◆ Exercise goal
Reproduce, exactly and in full, the lines from the one with "チリチリチリチリリーン(連打、危機迫る)の未再生の波形" through the one with "El Dr. Luis" in the data below; drop pictures.

◆ Entries supplied
☆ ☆ ☆ ☆ ☆ ☆ ☆
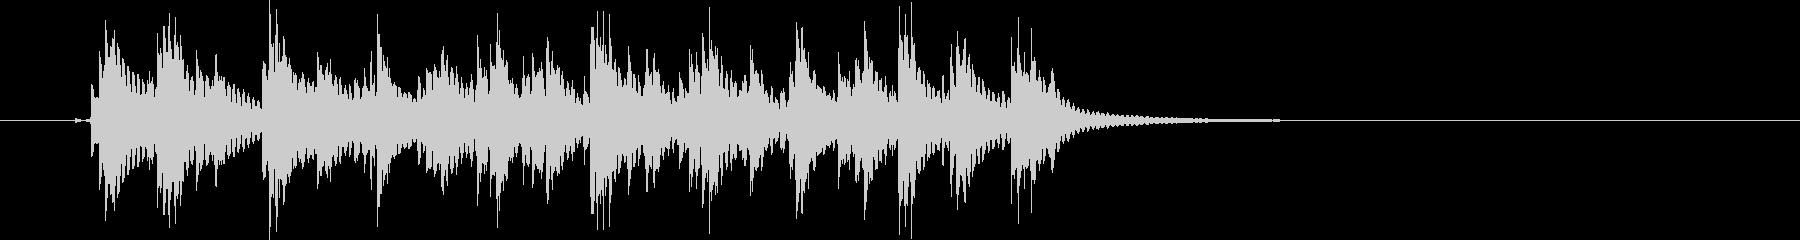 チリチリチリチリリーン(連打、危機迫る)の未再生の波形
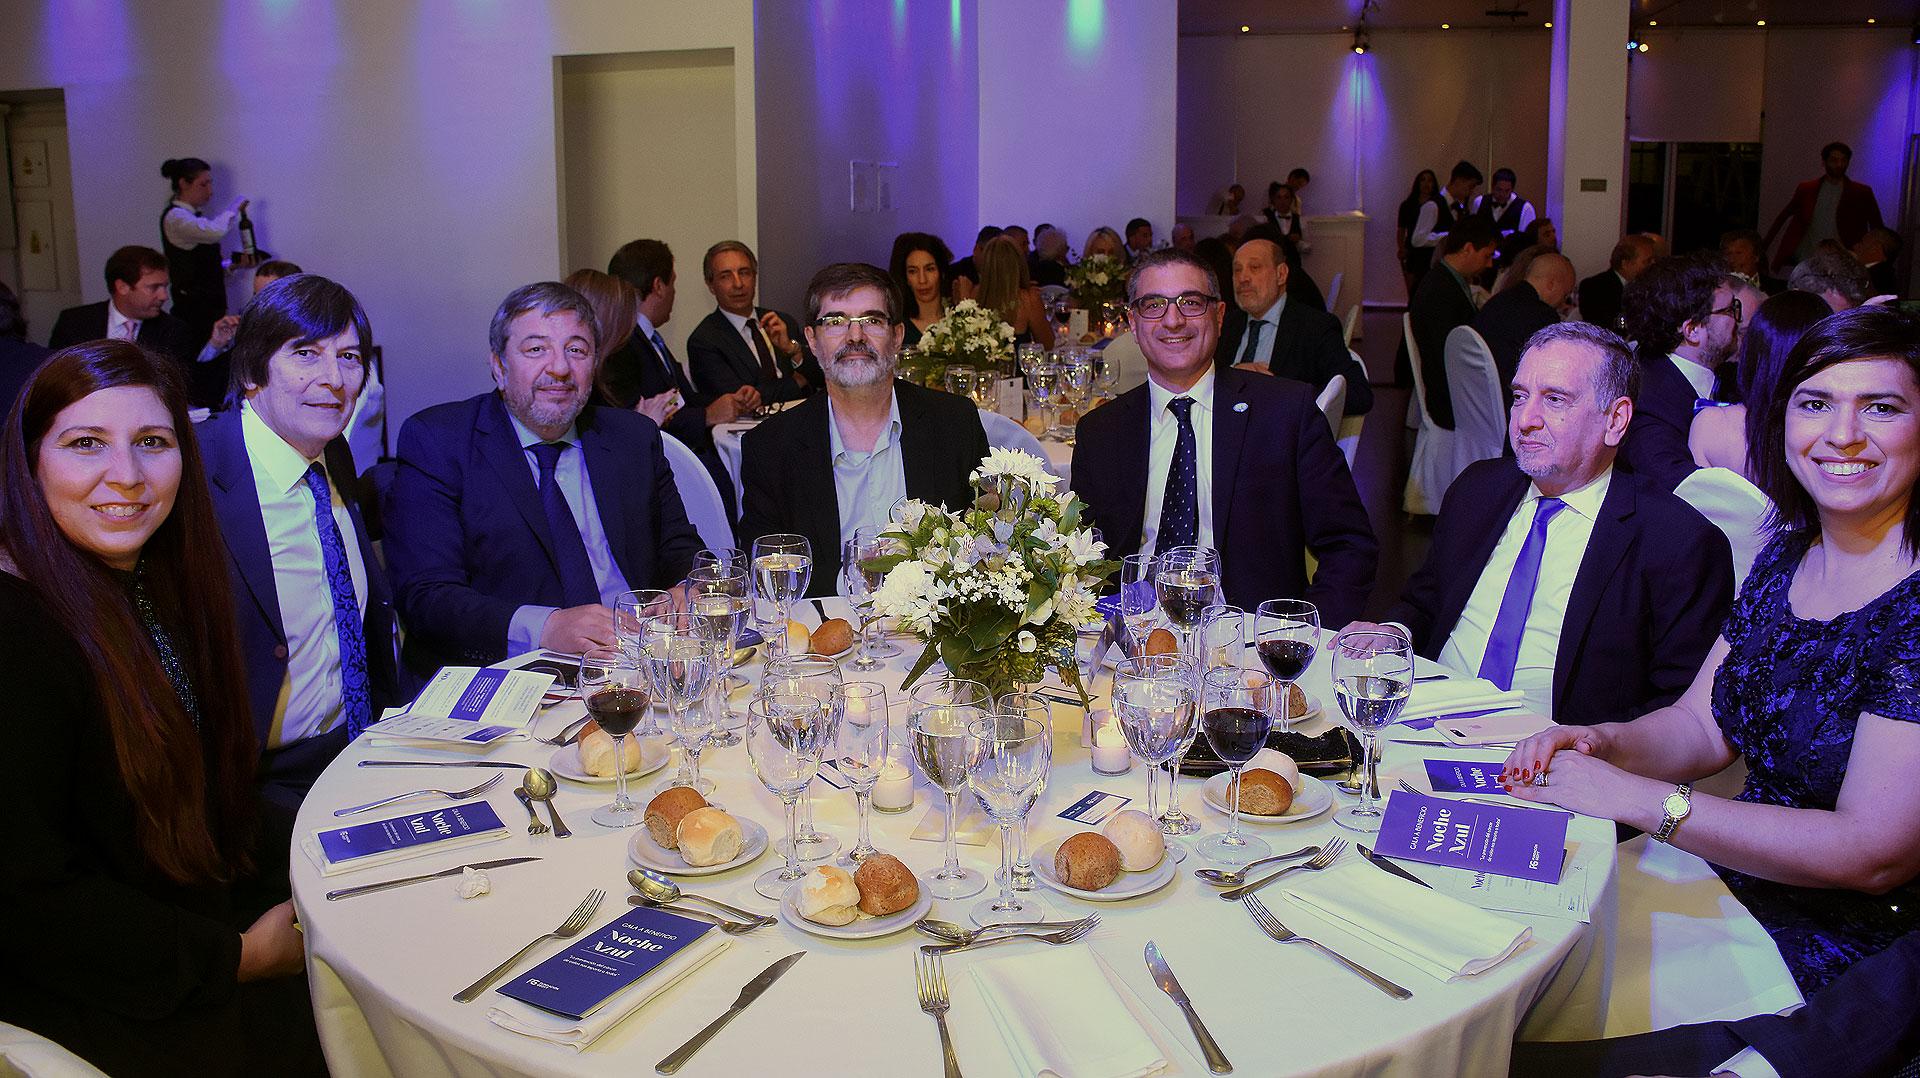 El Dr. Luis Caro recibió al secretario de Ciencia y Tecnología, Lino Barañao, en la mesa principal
☆ ☆ ☆ ☆ ☆ ☆ ☆
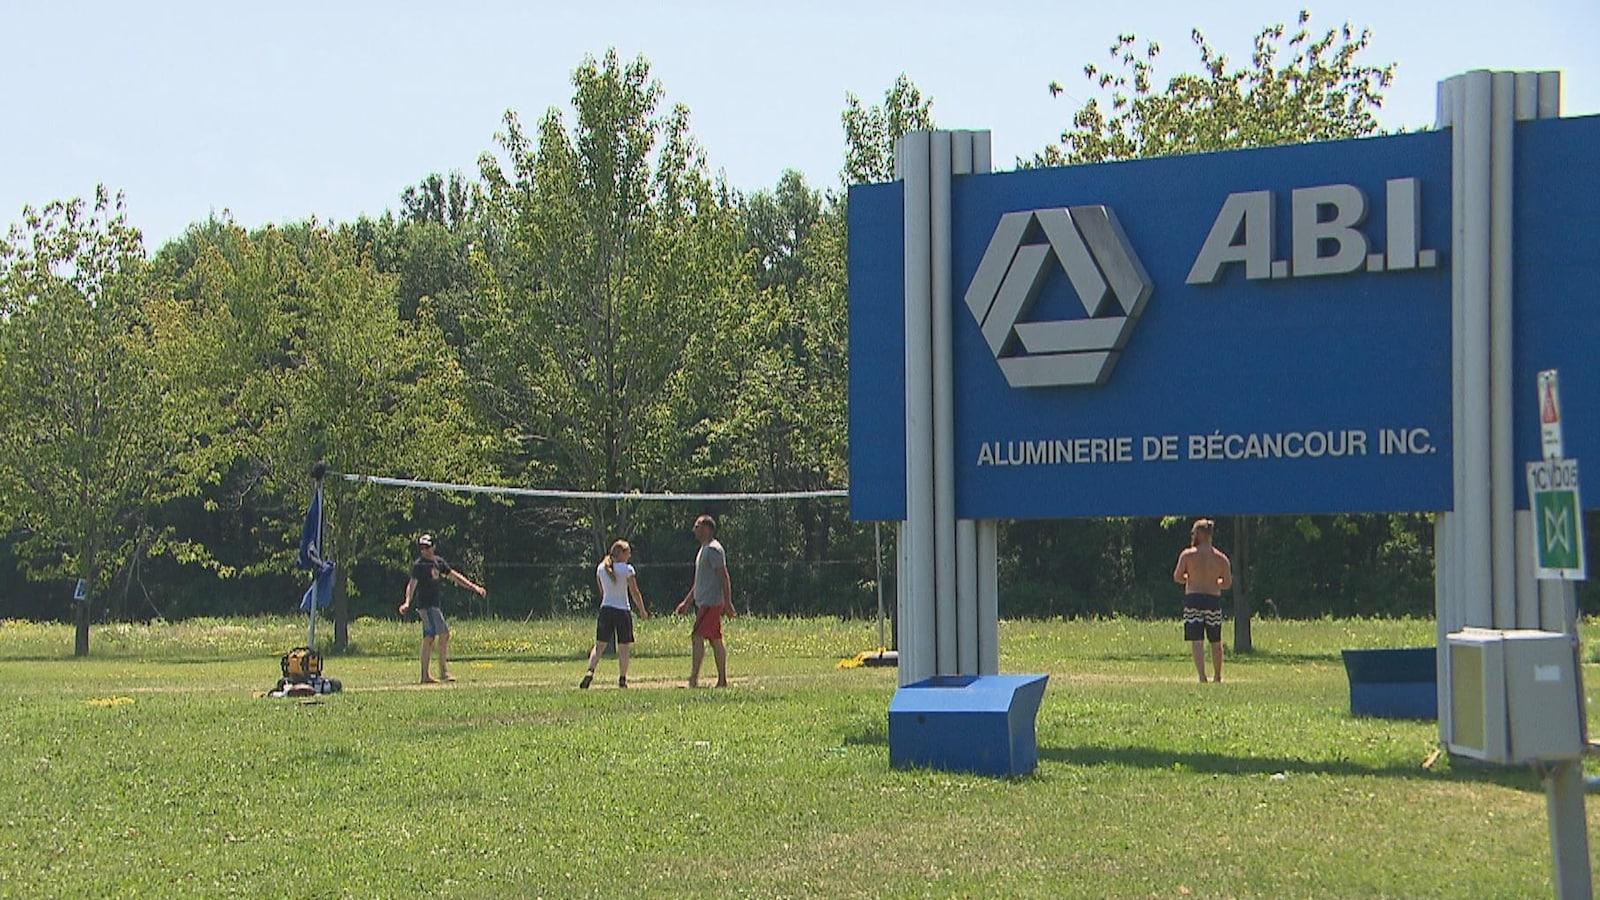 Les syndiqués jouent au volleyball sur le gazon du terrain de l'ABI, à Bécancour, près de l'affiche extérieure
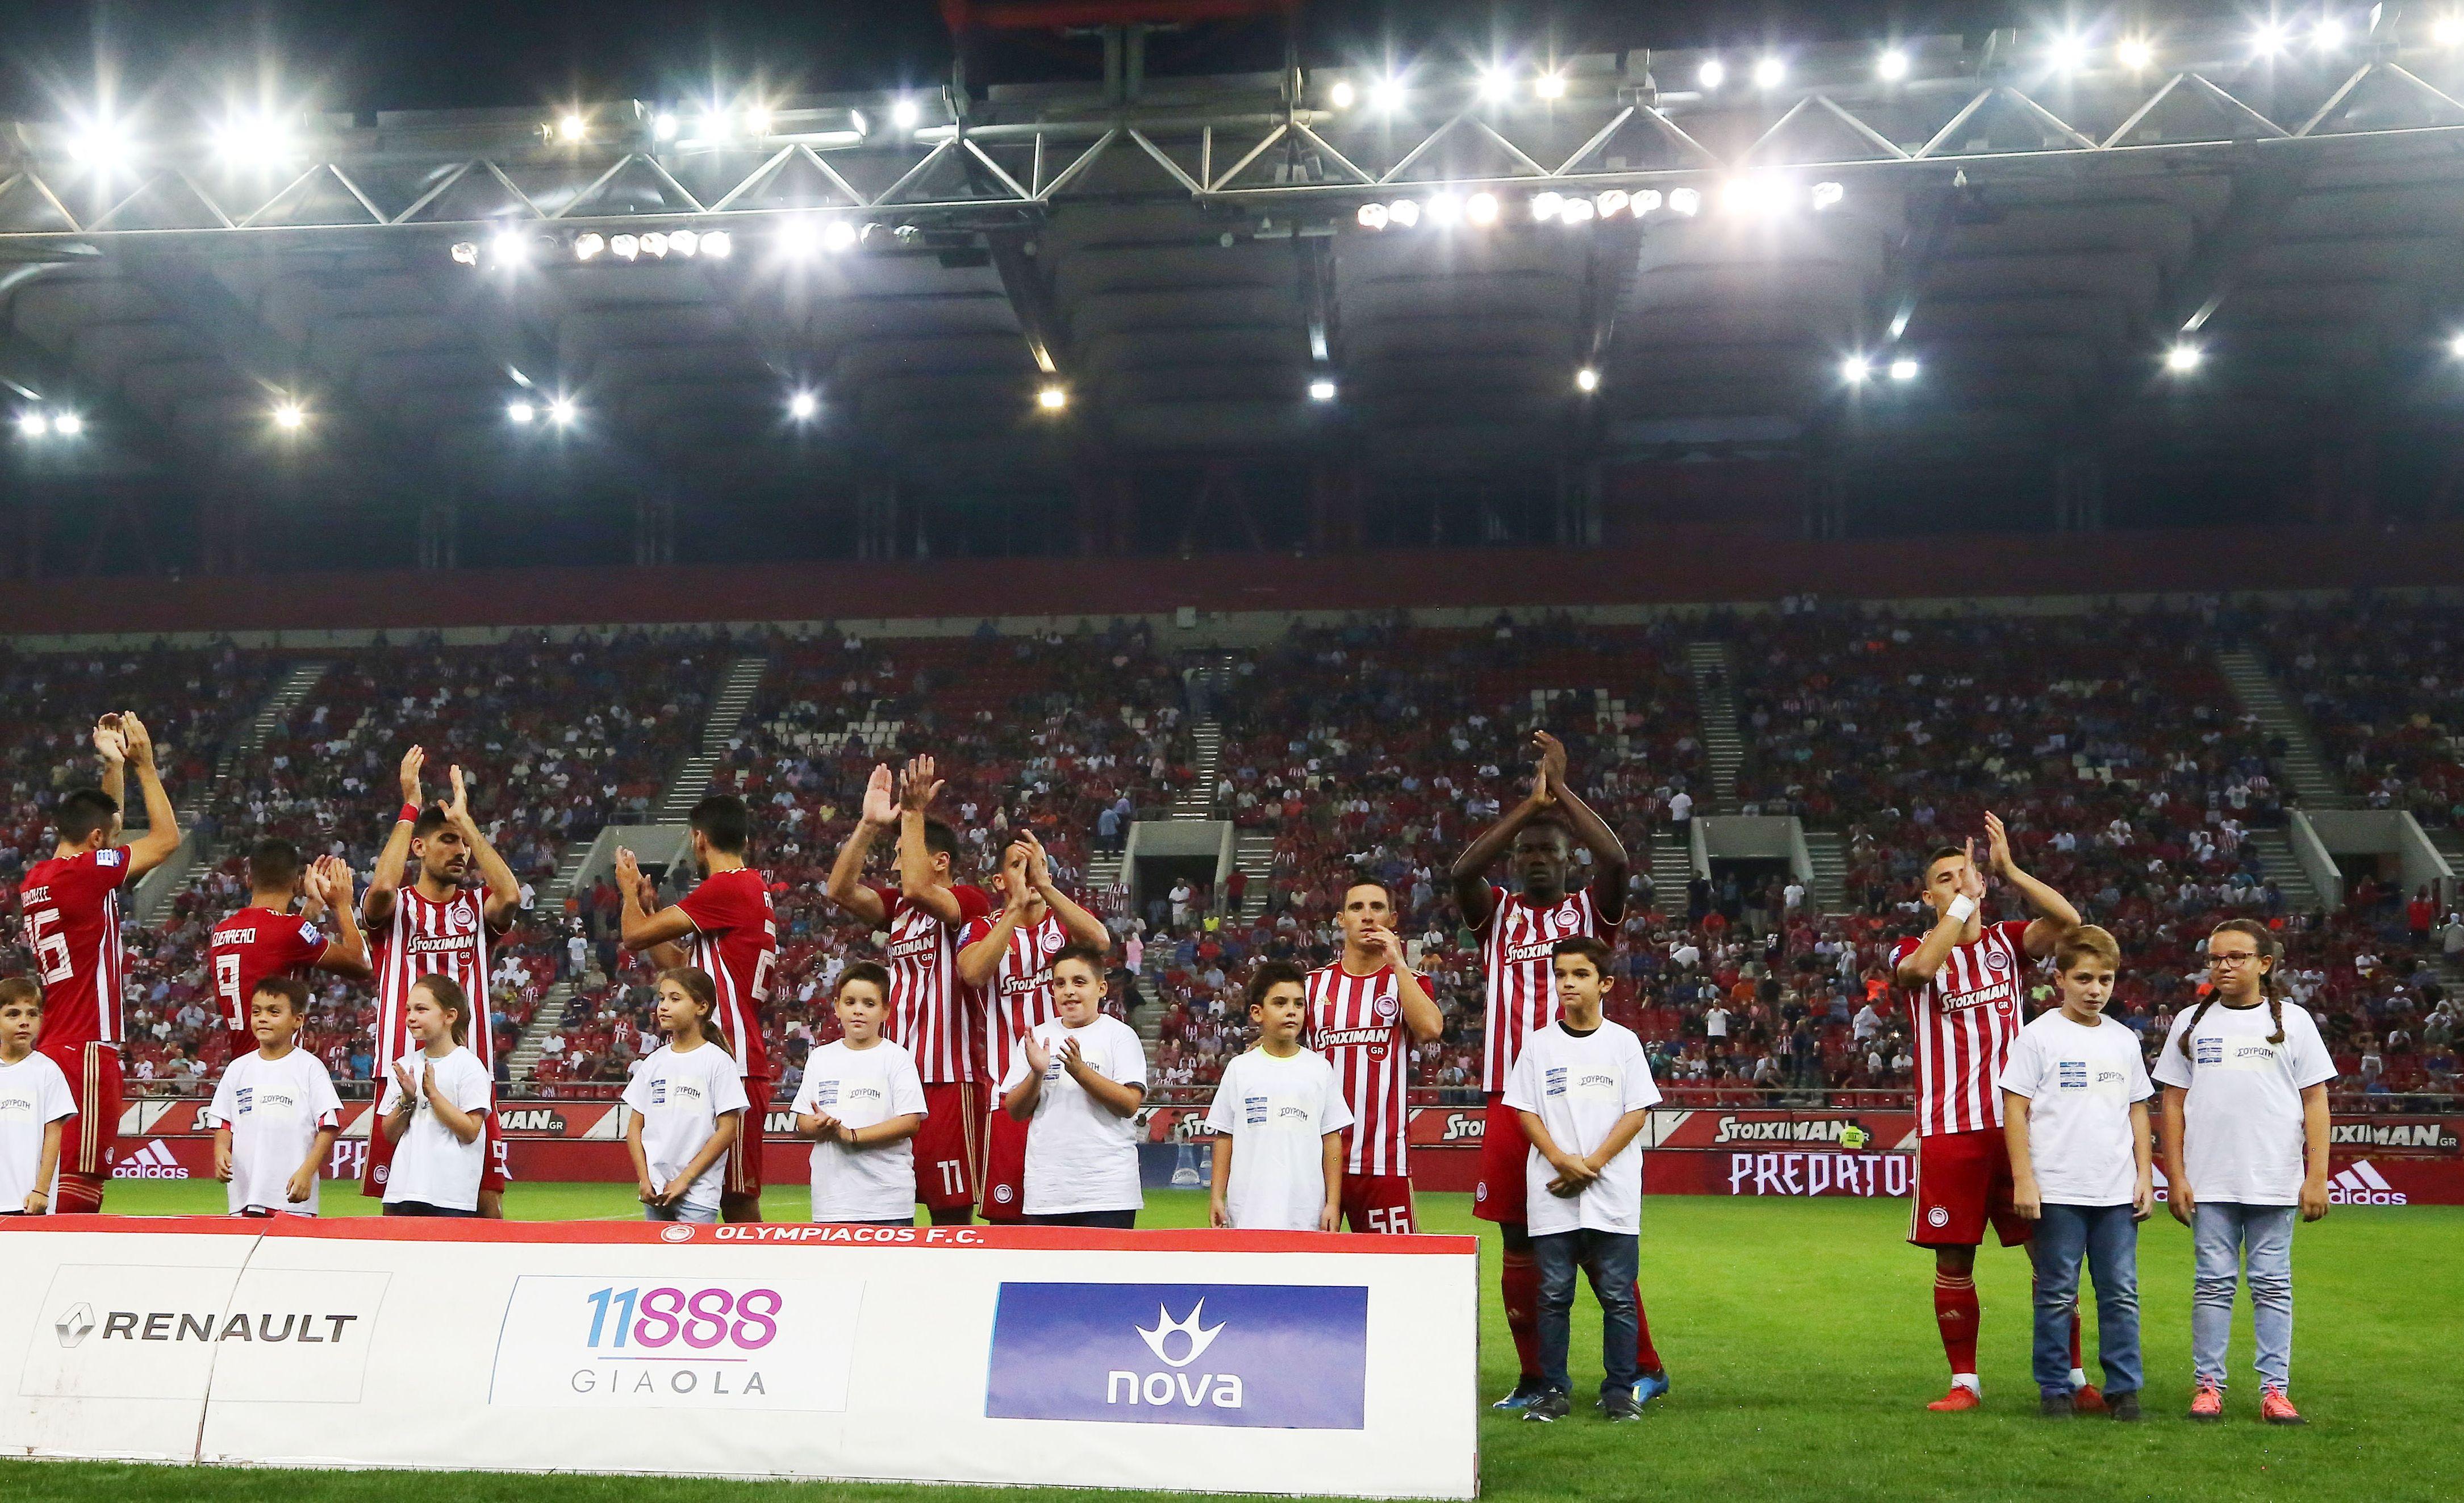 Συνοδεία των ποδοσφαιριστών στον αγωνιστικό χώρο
☆ ☆ ☆ ☆ ☆ ☆ ☆
◆ Response area
 チリチリチリチリリーン(連打、危機迫る)の未再生の波形
 El Dr. Luis Caro recibió al secretario de Ciencia y Tecnología, Lino Barañao, en la mesa principal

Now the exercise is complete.